What is a Structured Settlement Example?

The typical structured settlement arises and is structured as follows: An injured party (the claimant) settles a tort suit with the defendant (or its insurance carrier) pursuant to a settlement agreement that provides that, in exchange for the claimant’s securing the dismissal of the lawsuit, the defendant (or, more commonly, its insurer) agrees to make a series of periodic payments over time.

The insurer, a property/casualty insurance company, thus finds itself with a long-term payment obligation to the claimant. To fund this obligation, the property/casualty insurer generally takes one of two typical approaches: It either purchases an annuity from a life insurance company (an arrangement called a “buy and hold” case) or it assigns (or, more properly, delegates) its periodic payment obligation to a third party which in turn purchases an annuity (which arrangement is called an “assigned case”).

In an unassigned case, the property/casualty insurer retains the periodic payment obligation and funds it by purchasing an annuity from a life insurance company, thereby offsetting its obligation with a matching asset. The payment stream purchased under the annuity matches exactly, in timing and amounts, the periodic payments agreed to in the settlement agreement. The property/casualty company owns the annuity and names the claimant as the payee under the annuity, thereby directing the annuity issuer to send payments directly to the claimant. If any of the periodic payments are life-contingent (i.e., the obligation to make a payment is contingent on someone continuing to be alive), then the claimant (or whoever is determined to be the measuring life) is named as the annuitant or measuring life under the annuity.

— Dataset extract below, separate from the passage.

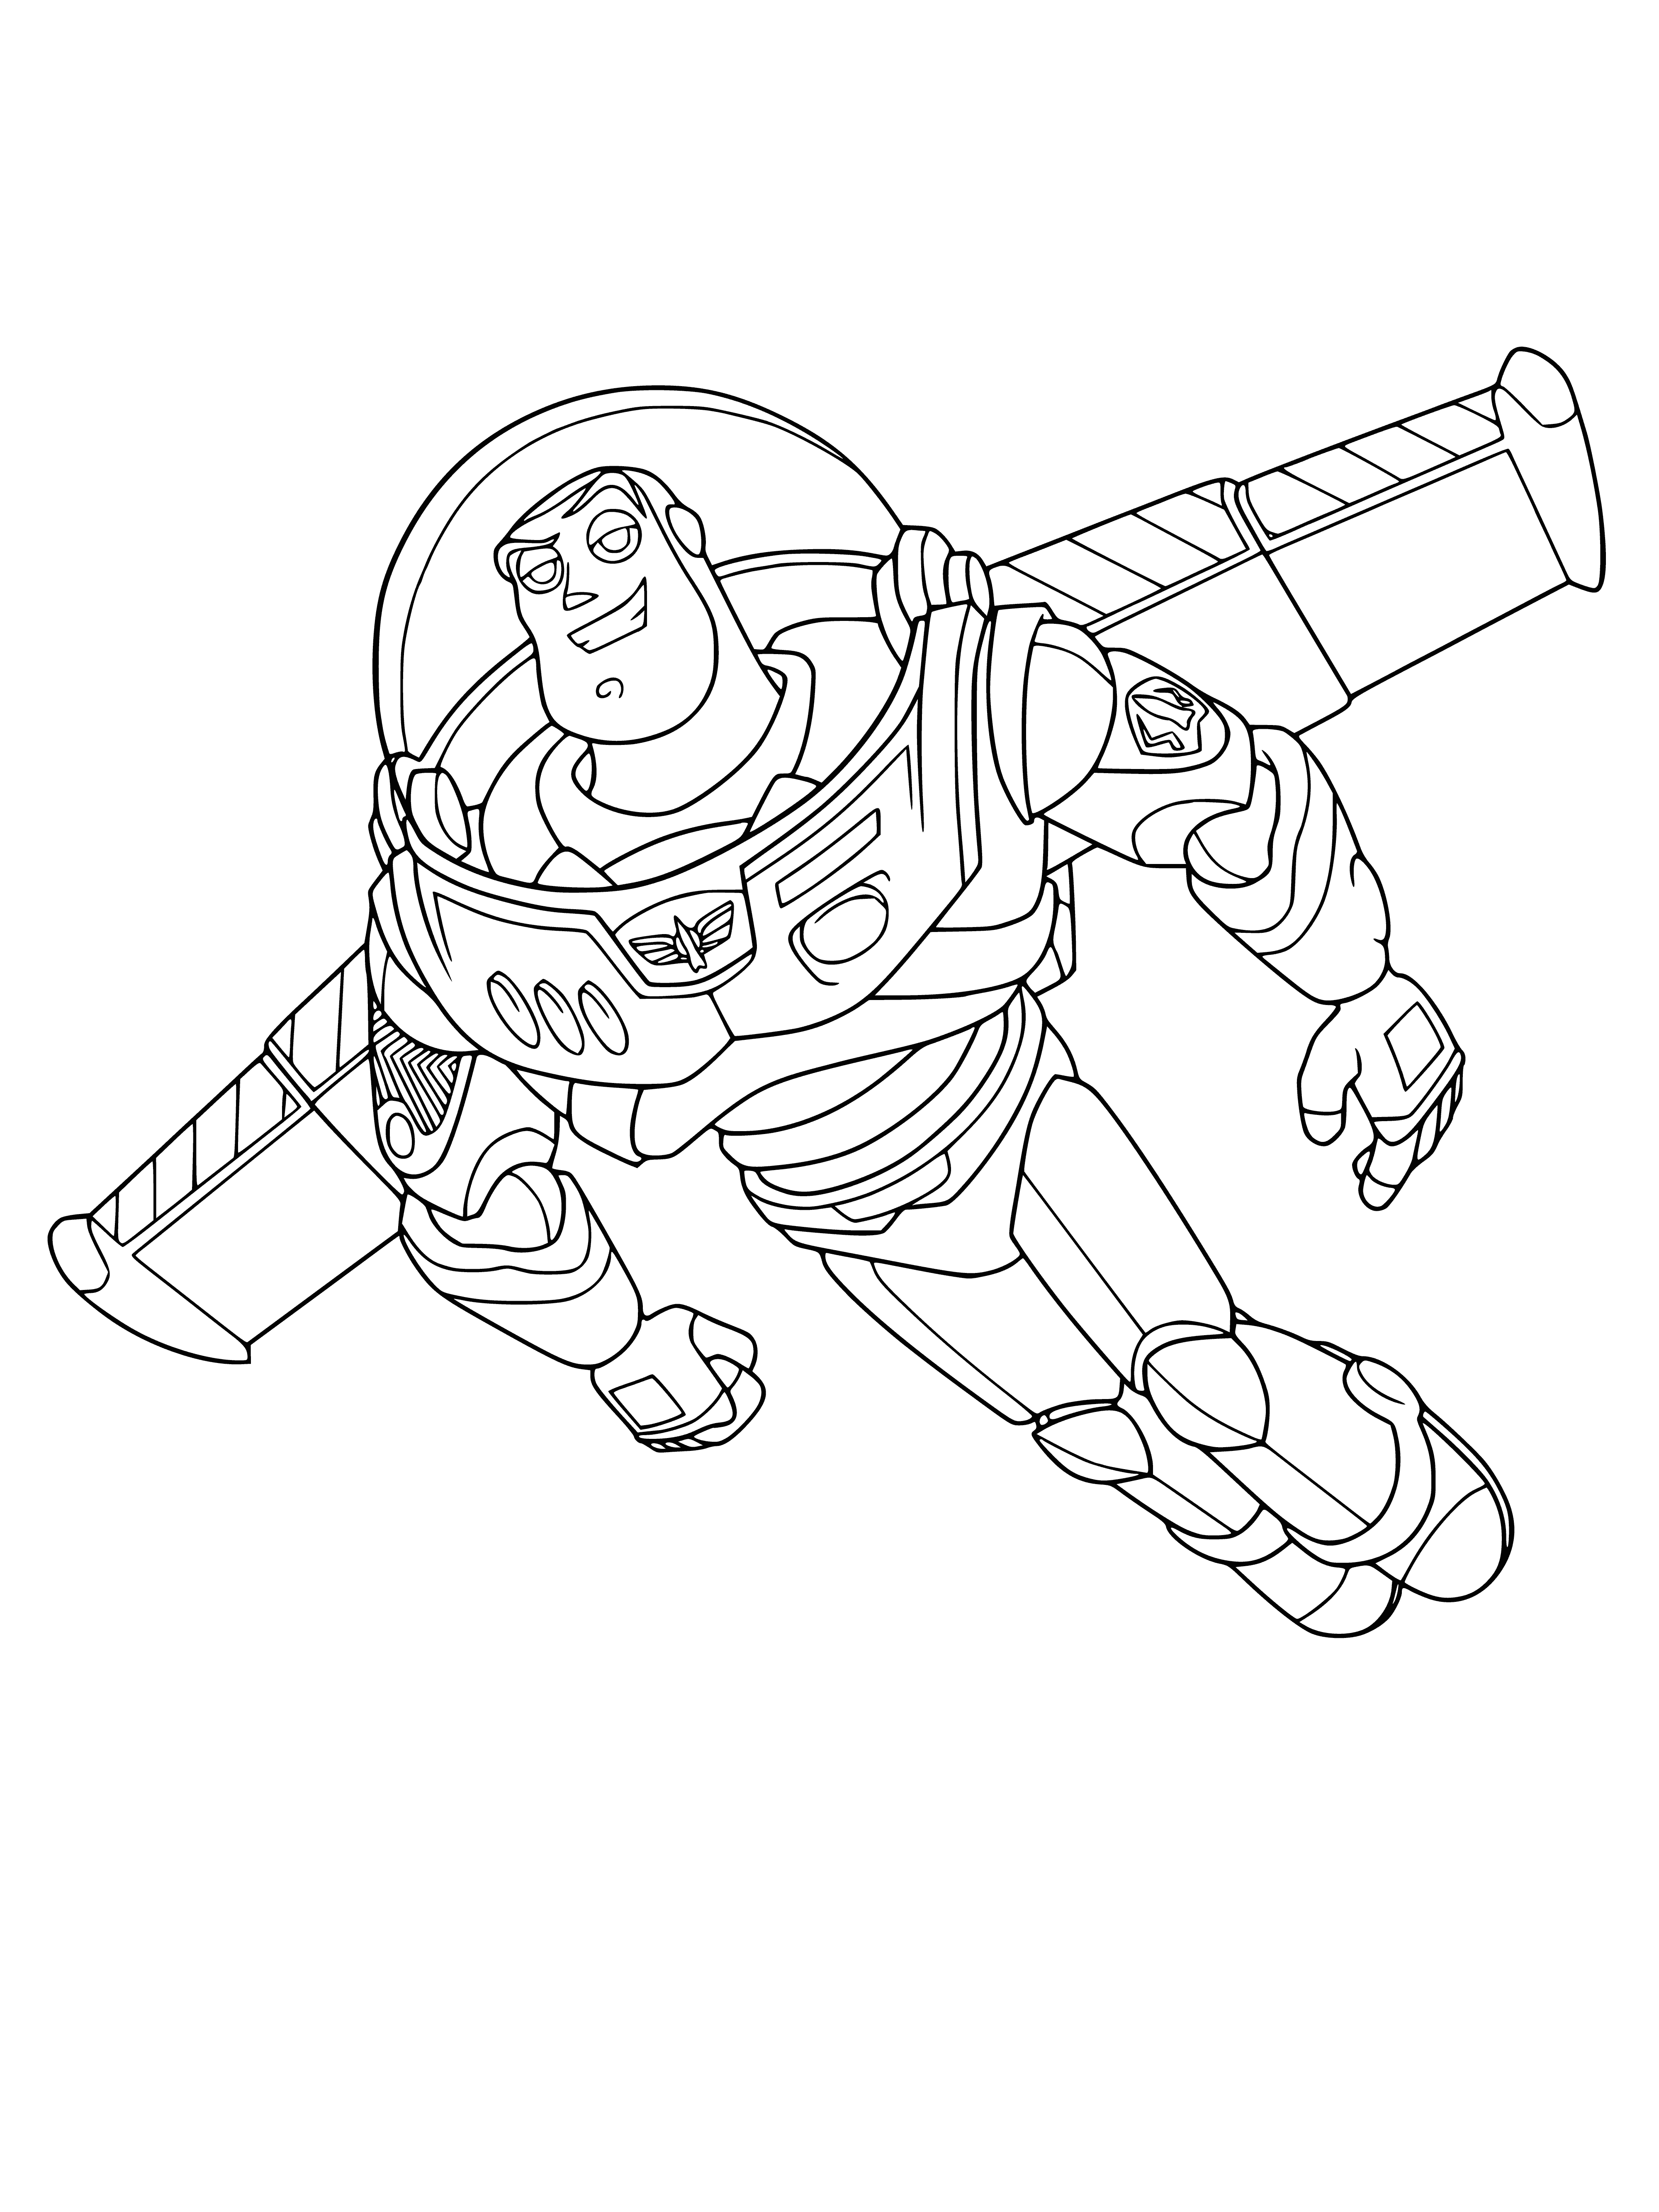 coloring page: Toy Story's Buzz Brightwing in his space suit and wingsuit, holding a ray gun & shield, against a space background.

In an assigned case, the property/casualty company does not wish to retain the long-term periodic payment obligation on its books. Accordingly, the property/casualty insurer transfers the obligation, through a legal device called a qualified assignment, to a third party. The third party, called an assignment company, will require the property/casualty company to pay it an amount sufficient to enable it to buy an annuity that will fund its newly accepted periodic payment obligation. If the claimant consents to the transfer of the periodic payment obligation (either in the settlement agreement or, failing that, in a special form of qualified assignment known as a qualified assignment and release), the defendant and/or its property/casualty company has no further liability to make the periodic payments.

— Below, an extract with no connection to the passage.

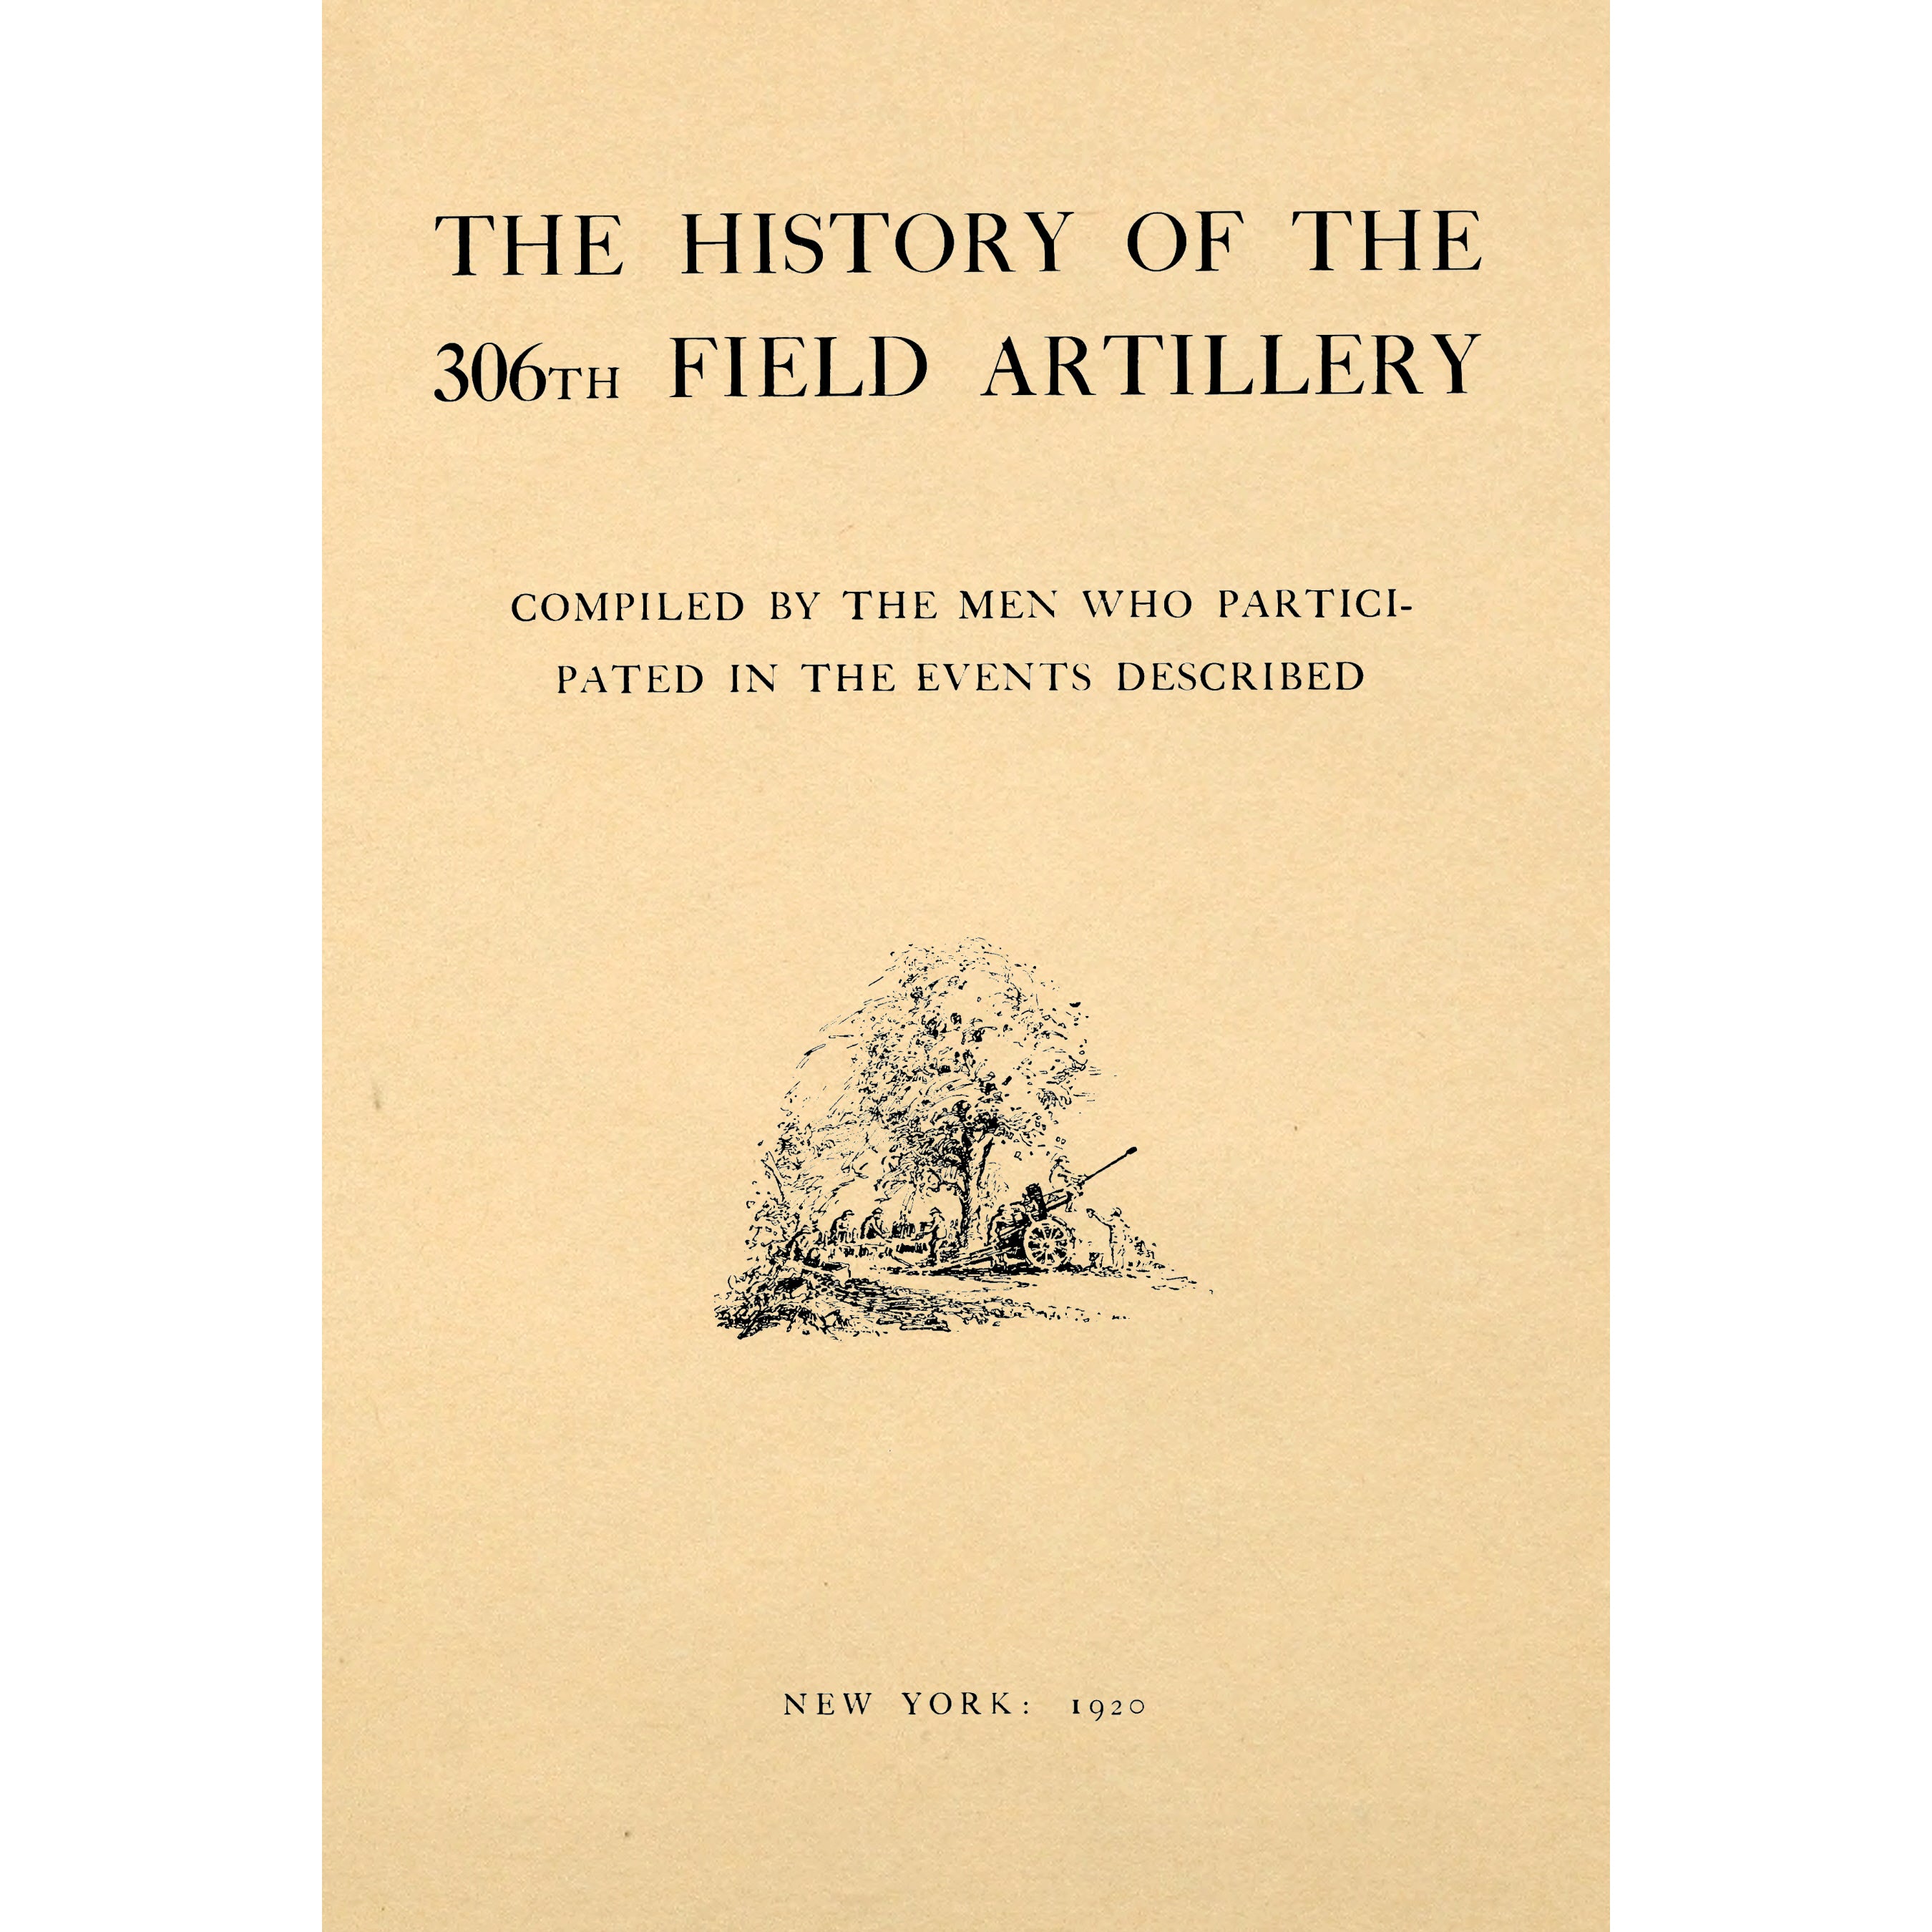 The history of the 306th field artillery

This method of substituting the obligor is desirable for property/casualty companies that do not want to retain the periodic payment obligation on their books. Typically, an assignment company is an affiliate of the life insurance company from which the annuity is purchased.

An assignment is said to be “qualified” if it satisfies the criteria set forth in Internal Revenue Code Section 130. Qualification of the assignment is important to assignment companies because without it the amount they receive to induce them to accept periodic payment obligations would be considered income for federal income tax purposes. If an assignment qualifies under Section 130, however, the amount received is excluded from the income of the assignment company. Section 130 was enacted to encourage assigned cases; without it, assignment companies would owe federal income taxes but would typically have no source from which to make the payments.